# Basic Shop Tools



## RAB3Group (Jan 30, 2014)

I was wondering if anyone here could help with a list of basic shop tools. I've read alot on here about the tools needed for recovering and refining scrap, but what I am looking for is a list of tools for the purchasing of scrap jewelry and bullion from the public, no escrap. I have talked with Dan Dement on here about some stuff, still getting schooled by him, so thanks for that, but what is everyone else using? I see from the general conversations around here to have high quality tools and equipment, makes since, since your tools are helping generate that profit. And of course just doing it and working with the stuff everyday will help. I have used a Mizer tester before, which works great, but would be slow if someone brought in 20 items. If I go with the acid test, then thats faster, but now Im having to carry acid with me, that isnt a problem I"m just wondering if theres something else that people have found that works just as good. And as Dan has told me, theres no "easy button".
The equipment I currently have is small digital scale up to 5toz in .01 gram. Loupe and a Mizer. I've read about a SG scale, but that is only good on solid items, and no items with stones. An XRF, but very costly. So, I'm thinking a combination of the above maybe?? Acid test for certain items, SG for other items, and as time goes, an XRF??? Any thoughts??


----------



## nickvc (Jan 30, 2014)

Experience.
You foul up a couple of times and you learn real fast when it's your money going west!
That might not sound very helpful but it is the truth and if you really want the best then an xrf is a must but again they can be fooled.


----------



## gold4mike (Jan 30, 2014)

If you plan to take a laptop with you (equipped with spreadsheet/calculator) you might look at a small USB microscope. They're under $30.00 and can be helpful for some of the smaller markings. It also makes is easy for your customer to see what you're looking at when you value their merchandise.


----------



## etack (Jan 30, 2014)

gold4mike said:


> If you plan to take a laptop with you (equipped with spreadsheet/calculator) you might look at a small USB microscope. They're under $30.00 and can be helpful for some of the smaller markings. It also makes is easy for your customer to see what you're looking at when you value their merchandise.




:lol: 8) or an Iphone

Eric


----------



## gold4mike (Feb 3, 2014)

etack,

I don't know if it was you but someone posted a link awhile back showing a dvd burner lens as a mod for an iphone camera lens that did great magnification.

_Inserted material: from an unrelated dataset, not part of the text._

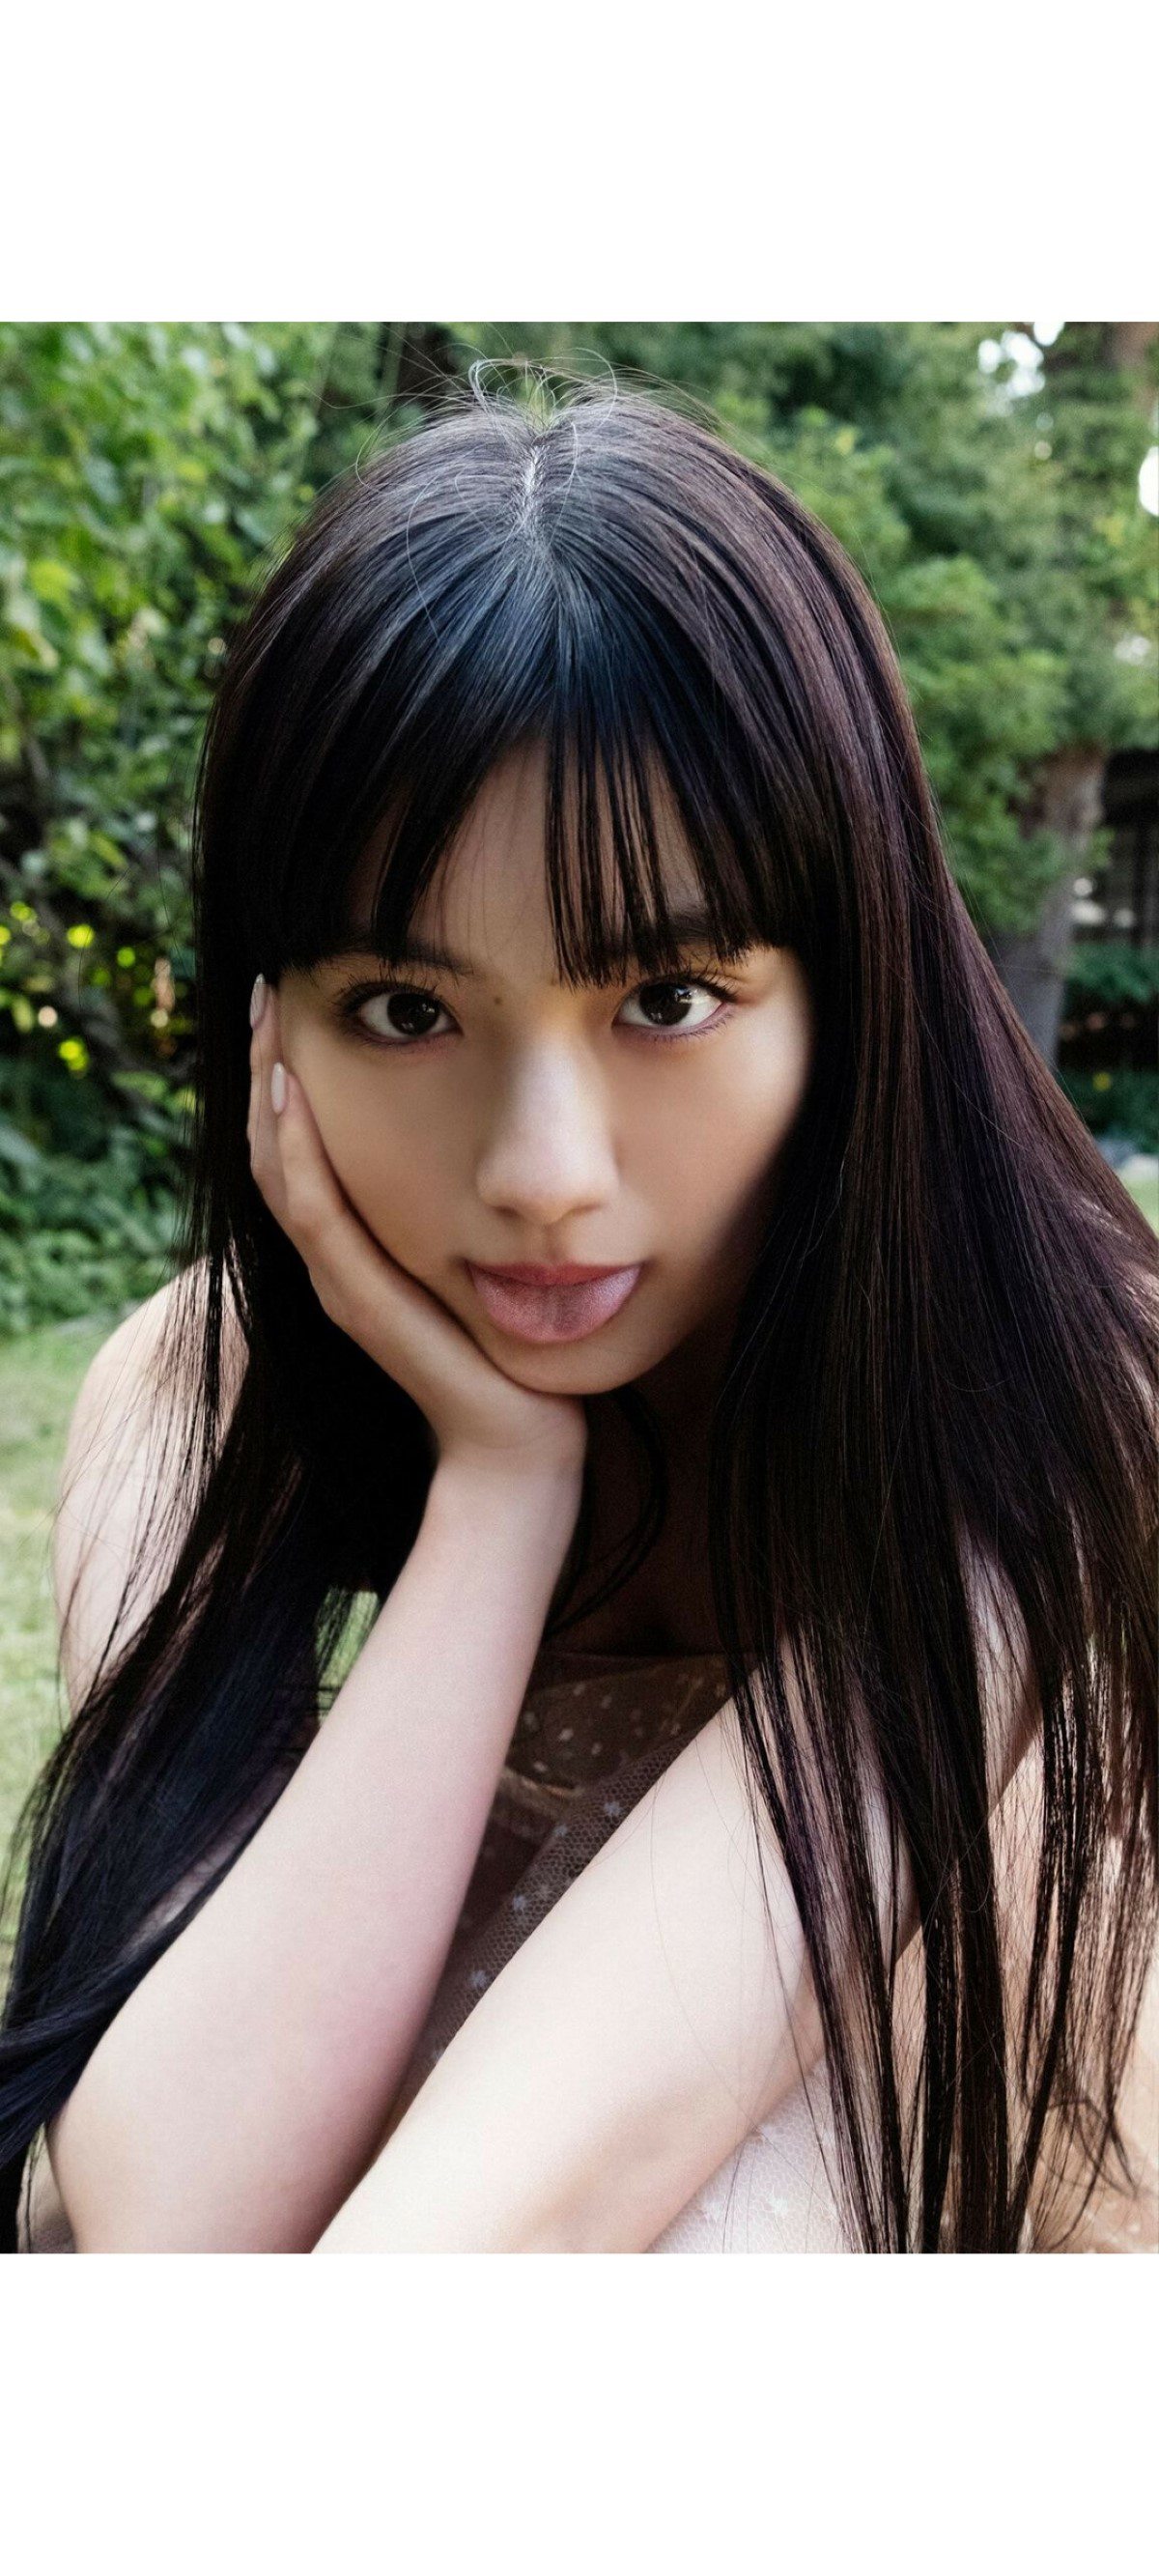 Weekly Photobook 2020 12 07 Noa Tsurushima 鶴嶋乃愛 A natural actress 生まれながらにして女優 0024 1509872256.jpg

Thank you for the reminder!


----------



## bmgold2 (Feb 3, 2014)

gold4mike said:


> etack,
> 
> I don't know if it was you but someone posted a link awhile back showing a dvd burner lens as a mod for an iphone camera lens that did great magnification.
> 
> Thank you for the reminder!



http://lmgtfy.com/?q=iphone+camera+lense+from+dvd+player

Lots of sites on this mod. Sound like something to try. I think I have an old CD drive. Wonder if it has a lens I could use? I've been holding a small magnifier in front of the camera lens on my phone to get close up pics already. Works good but takes both hands to do.


----------



## bmgold2 (Feb 3, 2014)

I just had to try the macro lens trick using a lens from a CD drive since I had recently torn one apart. I have to say, when they say macro, they mean MACRO.

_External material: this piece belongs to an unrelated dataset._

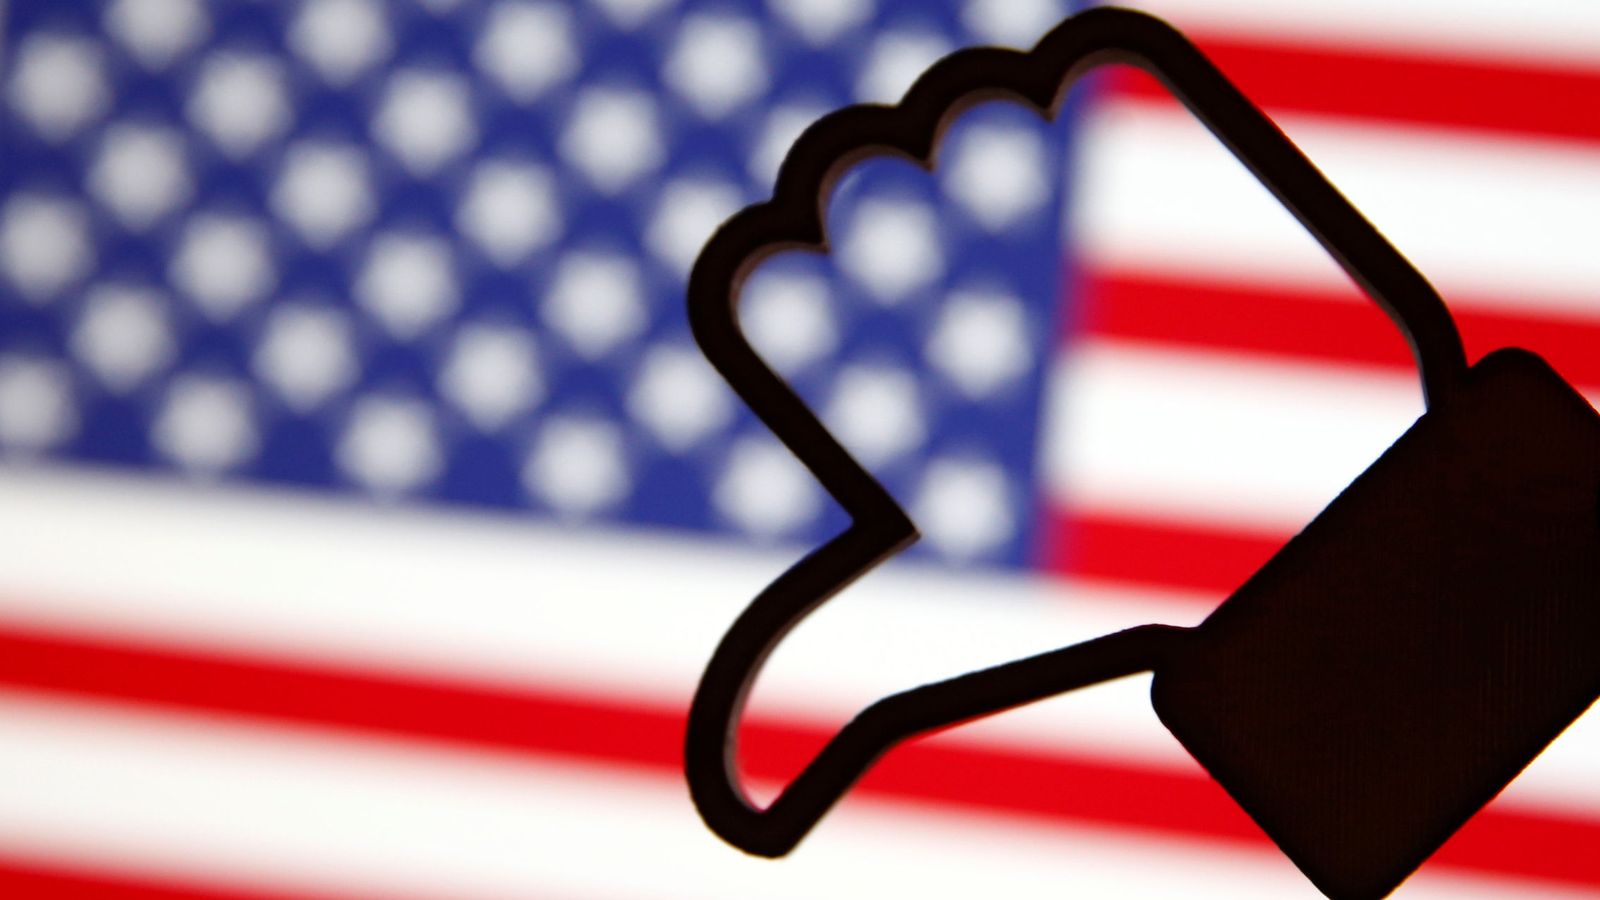 Foto: Un 'like' de Facebook impreso sobre una bandera estadounidense (Dado Ruvic / Reuters)

I taped the lens over the lens on my phone's camera with some clear tape. Then, holding the phone almost right against a penny, I got this picture of the date. It didn't all fit in the picture.

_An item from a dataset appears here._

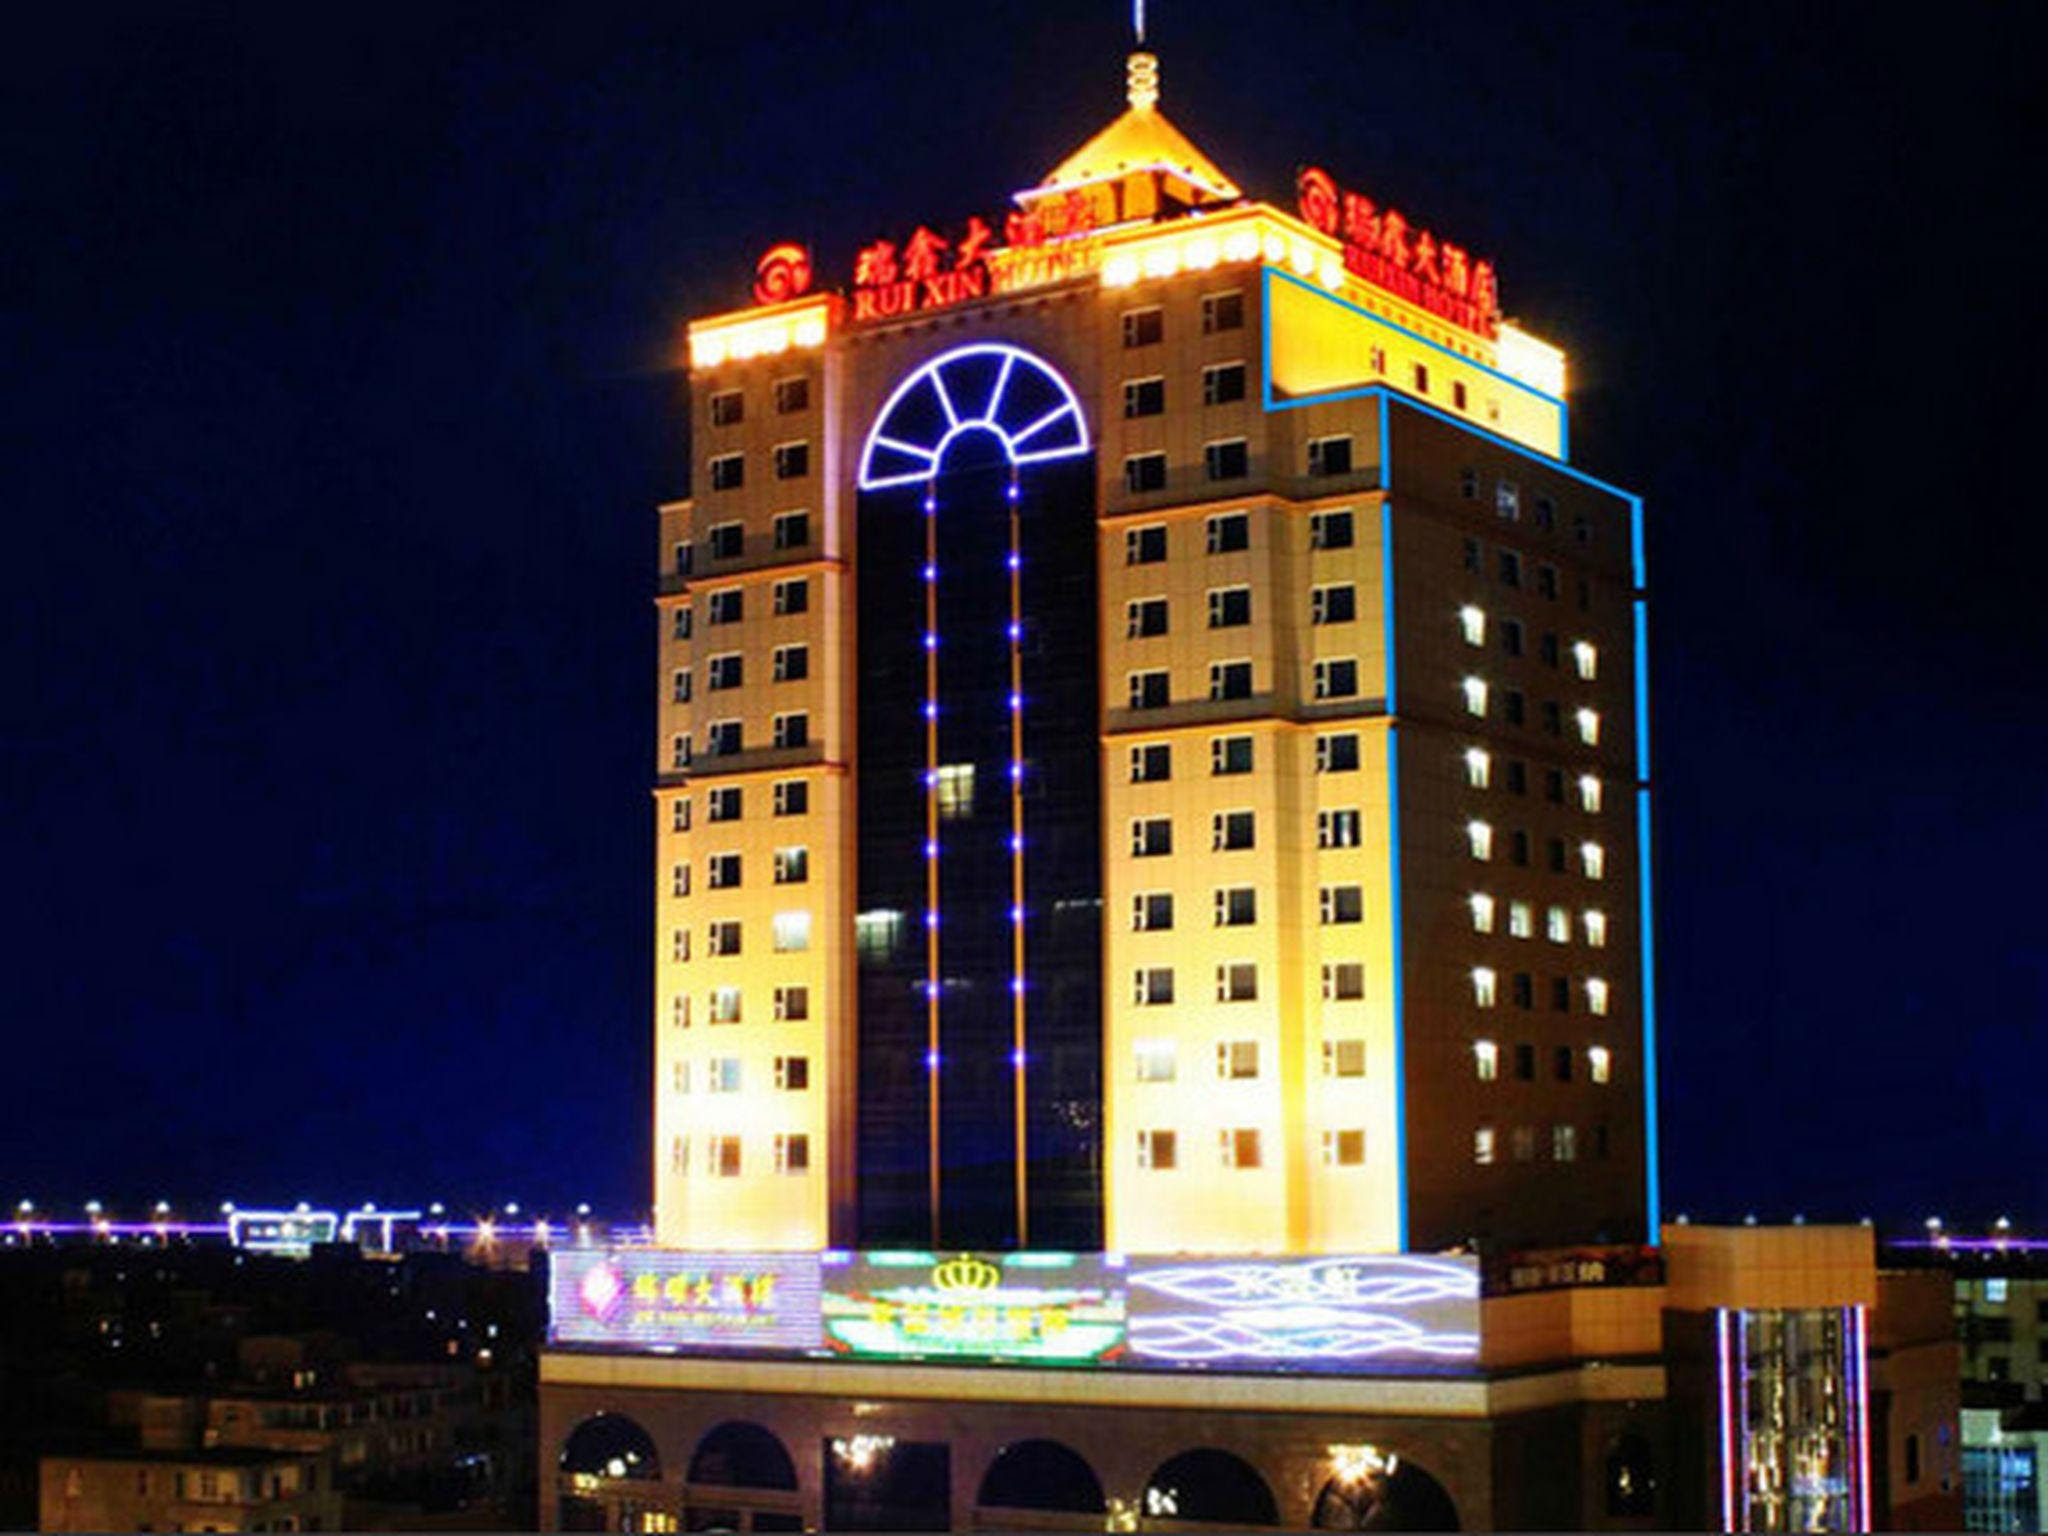 Fuzhou Fuqing Ruixin Hotel Reviews

Then, I took a picture of a surface mount capacitor on one of the circuit boards I have been scrapping.




I had to shine a flashlight at the parts I wanted to photograph since the camera was so close it blocked the light. This is an interesting idea but I can't see myself using it very often. It's just a little bit too close up for me. similar to a low power microscope.

Click on the pictures (especially the penny) to really zoom in and see how much detail shows up. It's a little out of focus but the 2 turned out pretty good. You can see the oxidation on the surface of the penny.


----------